我想在数据子样本上创建一个决策树(使用 evtree,它在大型数据集上运行时间非常长)。
然后我想采用这个模型并使用保留数据的估计更新终端节点估计。这类似于 GRF 包中的“诚实”概念,其中通过查看保留数据来抵消采样模型构建中的偏差。这种情况下的最终结果将是最终模型,通常偏差较小,运行速度更快(训练输入较小)并且方差较低。 理想情况下,我能够采用新模型并推断新数据。
library(partykit)
mtcars
set.seed(12)
train = sample(nrow(mtcars), nrow(mtcars)/1.5)
sample_tree = ctree(mpg ~. , data = mtcars[train, ])
sample_tree %>% as.simpleparty
# Fitted party:
# [1] root
# | [2] cyl <= 6: 23.755 (n = 11, err = 224.8)
# | [3] cyl > 6: 15.380 (n = 10, err = # 42.1)
data.frame(node = predict(sample_tree, newdata = mtcars[-train, ], type = 'node'),
prediction = mtcars[-train, ]$mpg) %>%
group_by(node) %>%
summarize(mpg = mean(prediction)) %>% as.list
# $node
# [1] 2 3
# $mpg
# [1] 24.31429 14.40000
在本例中,我将树中的节点 ID 2,3 分别更新为 24.31429 和 14.40000。
我尝试过的事情: 聊天 GPT 1000x,大量谷歌搜索,跳过各种步骤来弄清楚如何获取终端节点值,等等。
edit2:这似乎有效,但我并不 100% 理解为什么。谨慎行事
改编自 Achim Zeileis 的回答
# library(evtree)
set.seed(123)
train = sample(nrow(diamonds), nrow(diamonds)/20)
diamonds_evtree = evtree("price ~ .", data = (diamonds %>% select(any_of(c("carat", "depth", "table", "price"))))[train, ],
maxdepth = 3L, niterations = 101)
diamonds_ctree = ctree(price ~ ., data = (diamonds %>% select(any_of(c("depth", "table", "price", "x", "y", "y"))))[train, ])
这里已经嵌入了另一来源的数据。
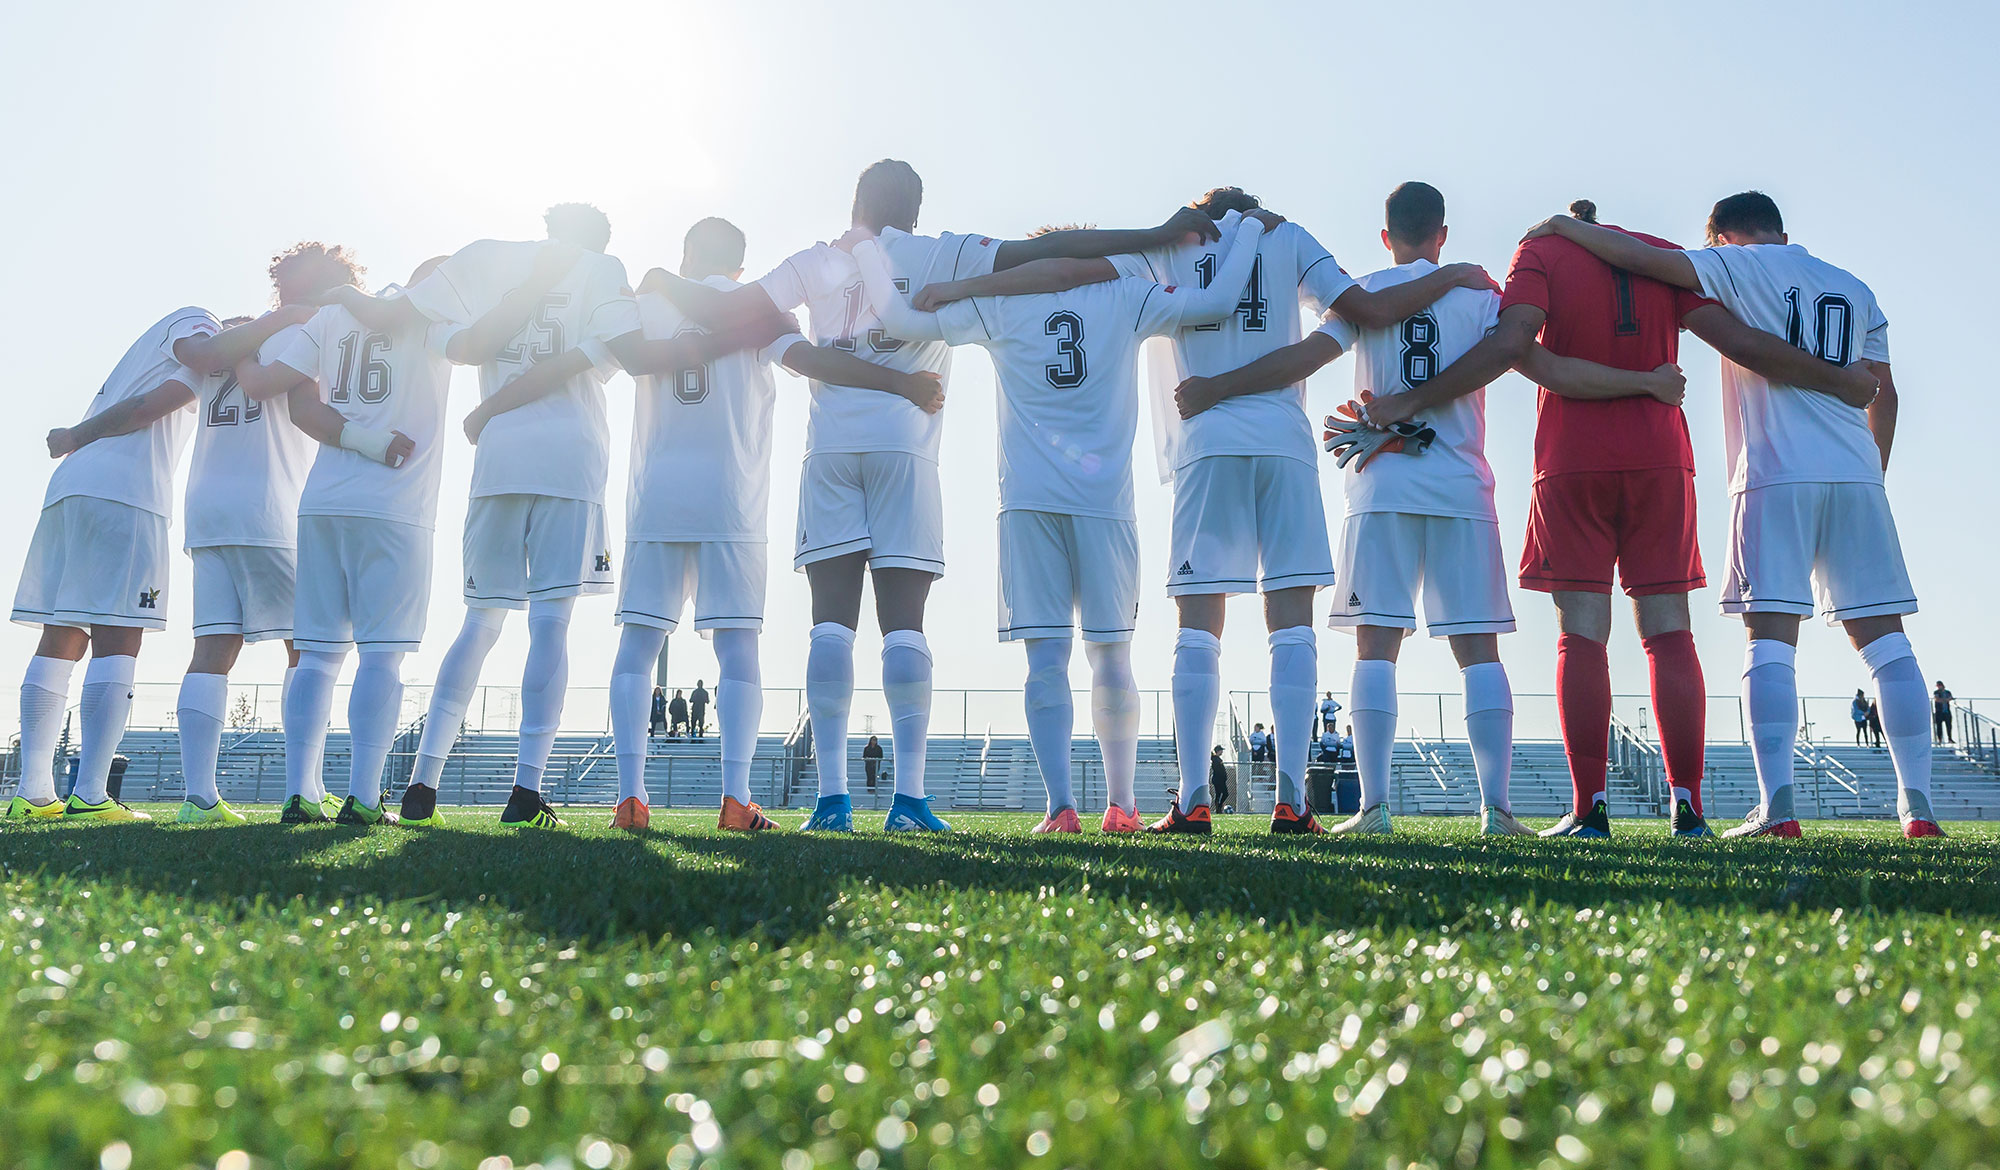 Men's soccer team lined up for the national anthem

refit_constparty(as.constparty(diamonds_evtree), diamonds[-train,]) #fails
refit_constparty(diamonds_ctree, diamonds[-train,]) #works
as.constparty(diamonds_evtree)
refit_simpleparty <- function(object, newdata) {
stopifnot(inherits(object, "constparty") | inherits(object, "simpleparty"))
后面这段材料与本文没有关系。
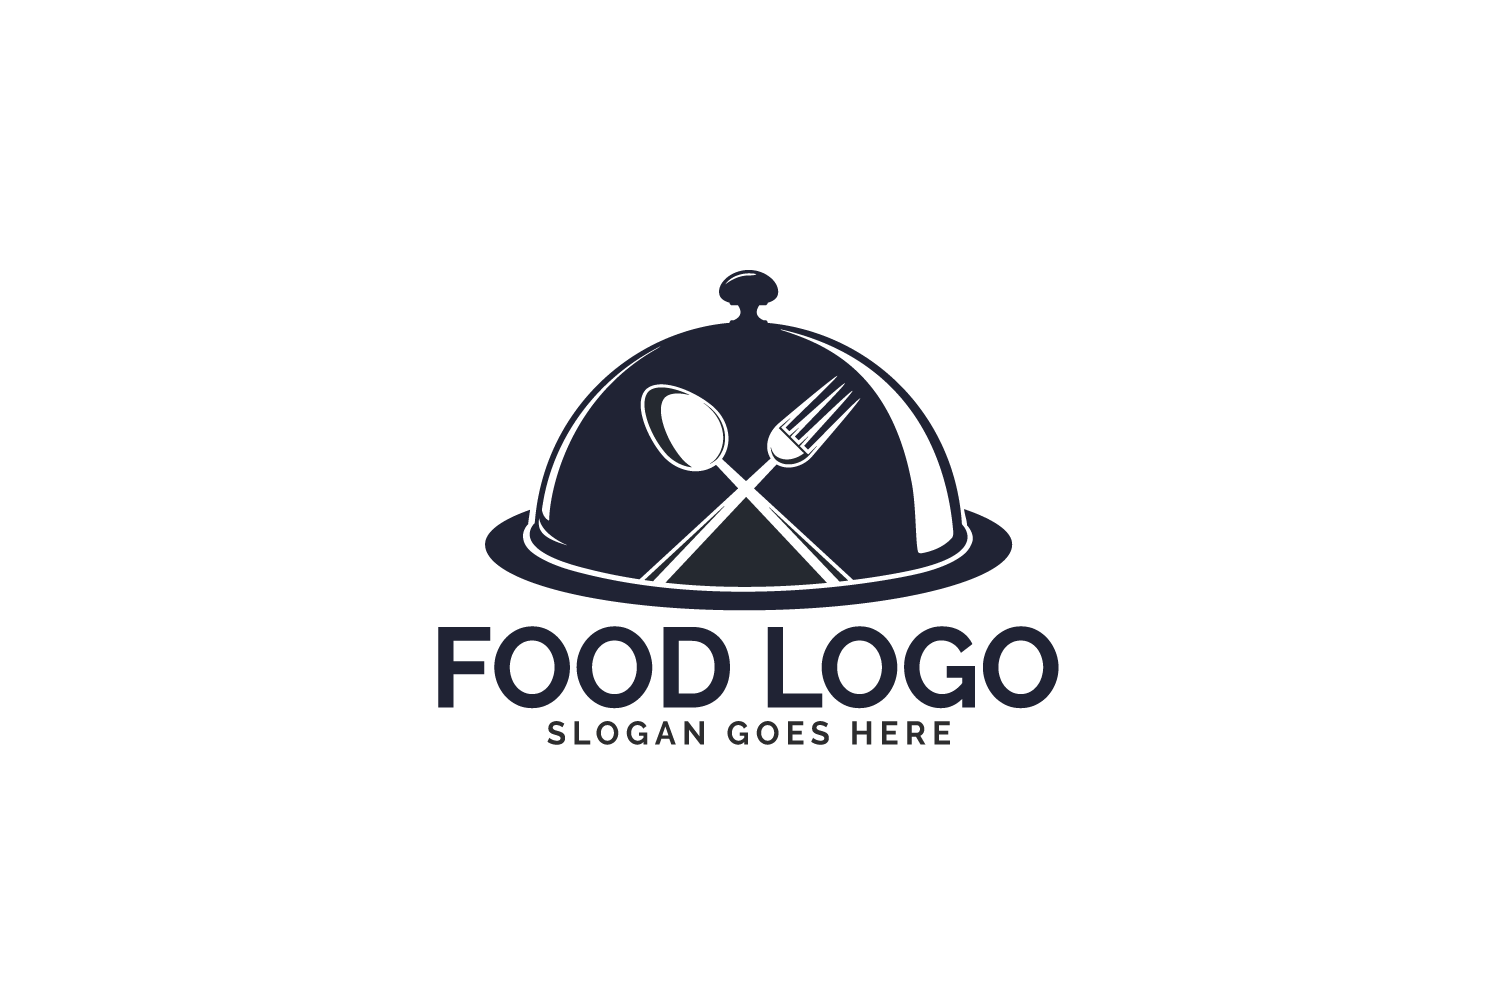 Download Free Food Logo PSD Mockup Template

if(any(abs(object$fitted[["(weights)"]] - 1) > 0)) {
stop("weights not implemented yet")
}
d <- model.frame(terms(object), data = newdata)
ret <- party(object$node,
data = d,
fitted = data.frame(
"(fitted)" = fitted_node(object$node, d),
"(response)" = d[[1L]],
"(weights)" = 1L,
check.names = FALSE),
terms = terms(object))
as.simpleparty(ret)
}
# works with "arbitrary data"
refit_simpleparty(diamonds_ctree %>% as.simpleparty, newdata = diamonds)
这可以通过使用新数据和拟合值设置新的
party()
并随后强制到 constparty
来完成。请参阅 vignette("constparty", package = "partykit")
了解更多详细信息和工作示例。
我编写了一个简短的函数,其中封装了必要的步骤:
refit_constparty <- function(object, newdata) {
stopifnot(inherits(object, "constparty"))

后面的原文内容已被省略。